Nikola Tesla's development of a system for the generation, distribution and utilization of electricity caused him to invest considerable thought into potential sources of mechanical energy to support the process.  In 1931 he wrote an article for Everyday Science and Mechanics entitled "Our Future Motive Power" which analyzed some alternatives to the combustion of fossil fuels for obtaining electrical power.  A closely related piece also appeared in the New York Times. The following observations on hot dry rock geothermal energy technology for AC power generation are derived from these two pieces.
 

Our Future Motive Power
The material as well as intellectual progress of Man is becoming ever more dependent on the natural forces and energies he is putting to his service.  While not exactly a true measure of well being and enlightenment, the amount of power used is a reliable indication of the degree of safety, comfort and convenience, without which the human race would be subject to increasing suffering and want and civilization might perish. . . . 

It is noteworthy that . . . in 1852 Lord Kelvin called attention to natural heat as a source of power available to Man.  But, contrary to his habit of going to the bottom of every subject of his investigations, he contented himself with the mere suggestion.  Later, when the laws of thermo-dynamics became well understood, the prospects of utilizing temperature differences in the ocean, solid earth or the atmosphere, have been often examined. . . . 

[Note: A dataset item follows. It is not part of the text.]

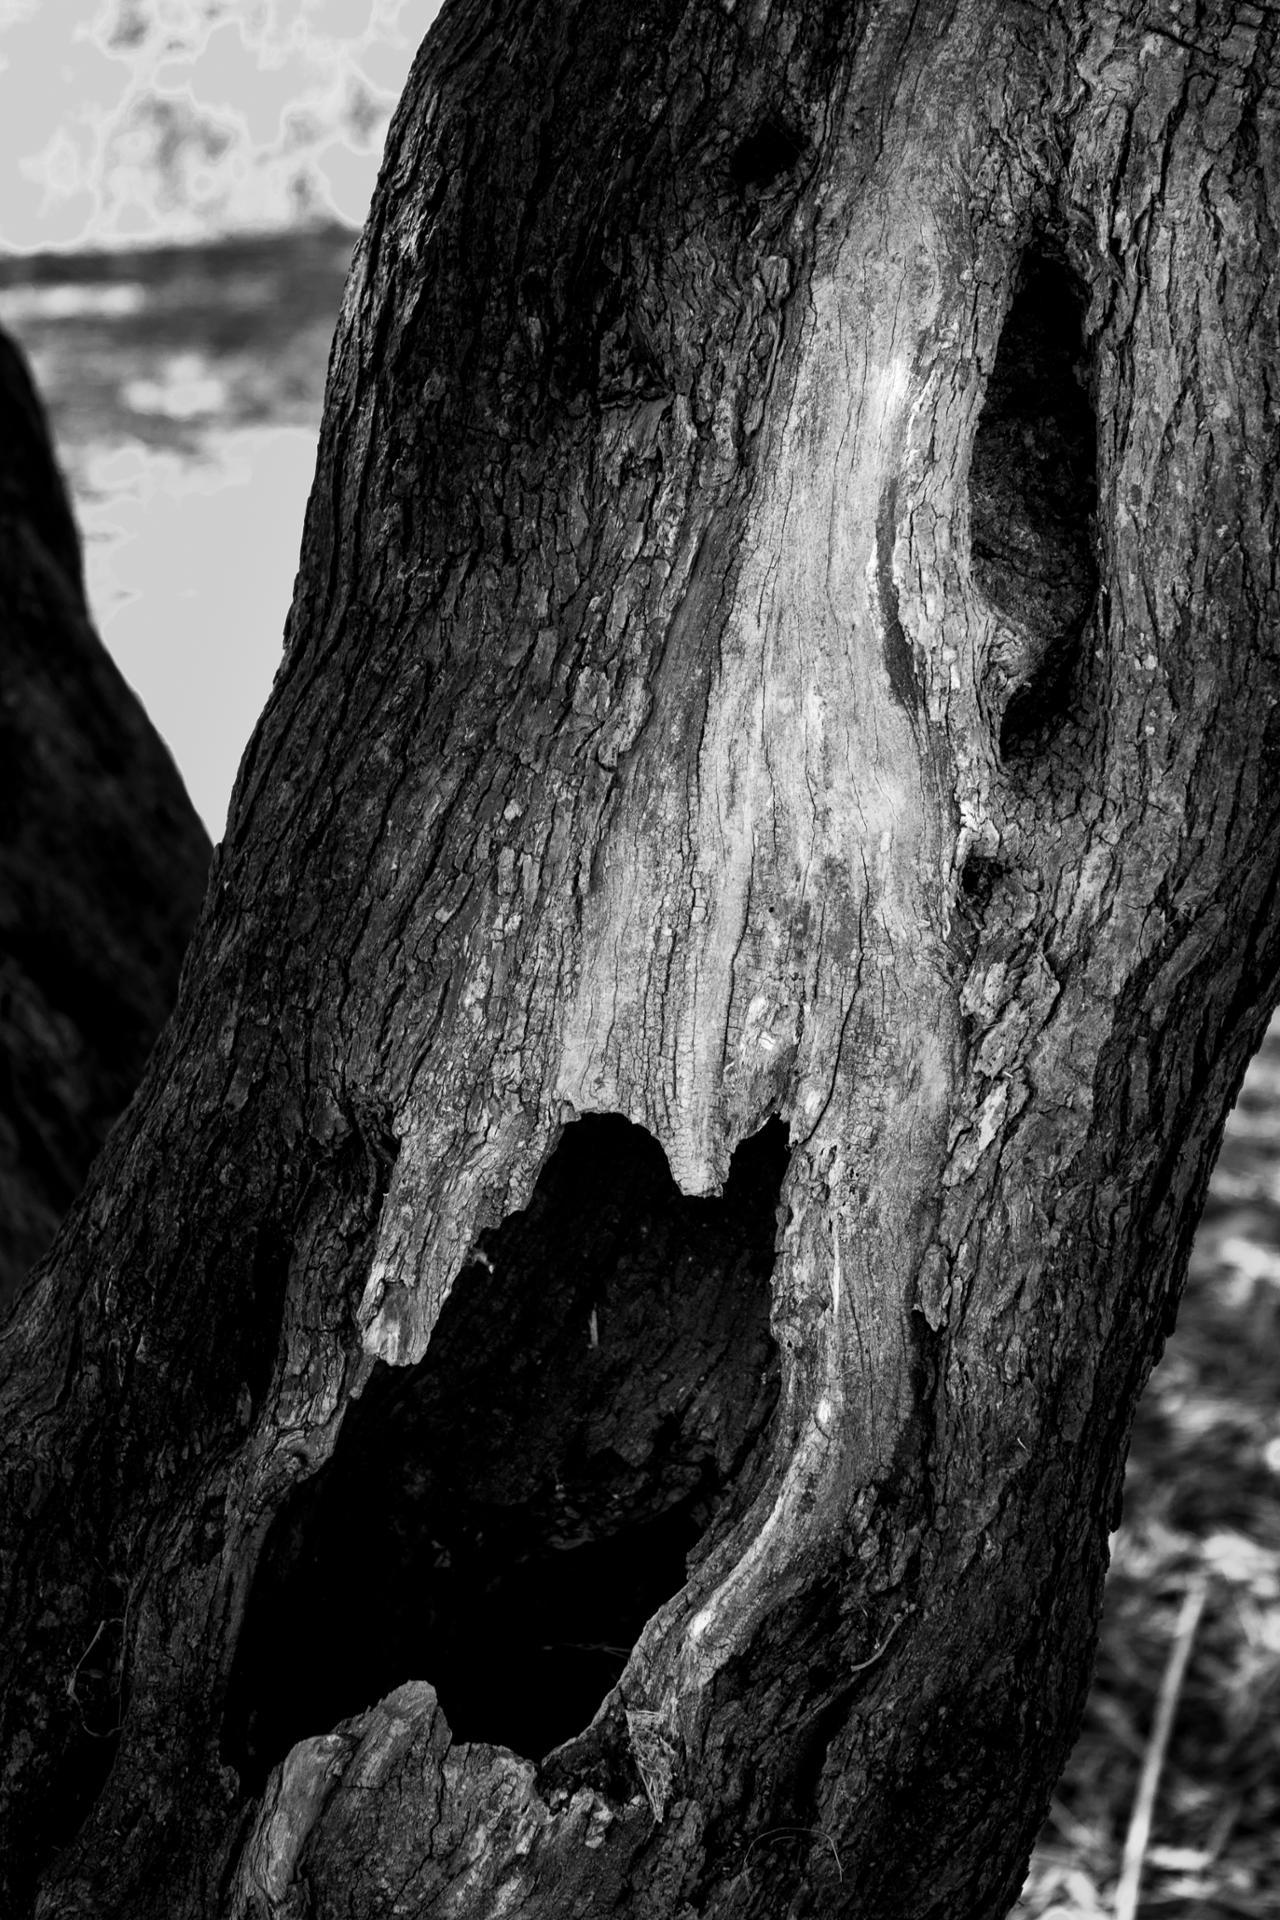 Le cri d'arbre

In this regard, the utilization of temperature differences in the solid earth presents several important advantages.  It would make it unnecessary to go down to the tropics where power is of smaller value. Indeed, the colder the climate the better.  A shaft could be sunk in the midst of a densely populated district and a great saving effected in the cost of distribution.  The shaft would be costly, of course, but the apparatus cheap, simple and efficient.  The [above] drawing illustrates its essential parts comprising a boiler, a condenser, cooled by river or other water available, on the ground, a turbine coupled to a generator, and a motor-driven high vacuum pump.  The steam or vapor generated in the boiler is conveyed to the turbine and condenser through an insulated central pipe while the condensed water flows by gravity through another pipe reaching to depth at which the temperature of the ground exceeds that of the condensate.  By circulating the steam in great volume through the turbine and condenser I am able to maintain a considerable temperature difference between the ground and the interior of the shaft, so that a very great quantity of heat flows into the same continually; to be transformed into mechanical work.  The only requisite is a sufficient volume of cooling water.

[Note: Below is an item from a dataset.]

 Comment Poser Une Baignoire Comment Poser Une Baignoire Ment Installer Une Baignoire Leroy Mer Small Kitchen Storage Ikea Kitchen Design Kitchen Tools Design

By this method it is practicable to supply all the power which a small community may require from a shaft of moderate depth, certainly less than a mile.  And for isolated dwellings a few hundred feet depth would be ample, particularly if such a fluid such as ether is employed for running the turbine. [New York Times, Nov. 8, 1931]
All that is necessary to open up unlimited resources of power throughout the world is to find some economic and speedy way of sinking deep shafts.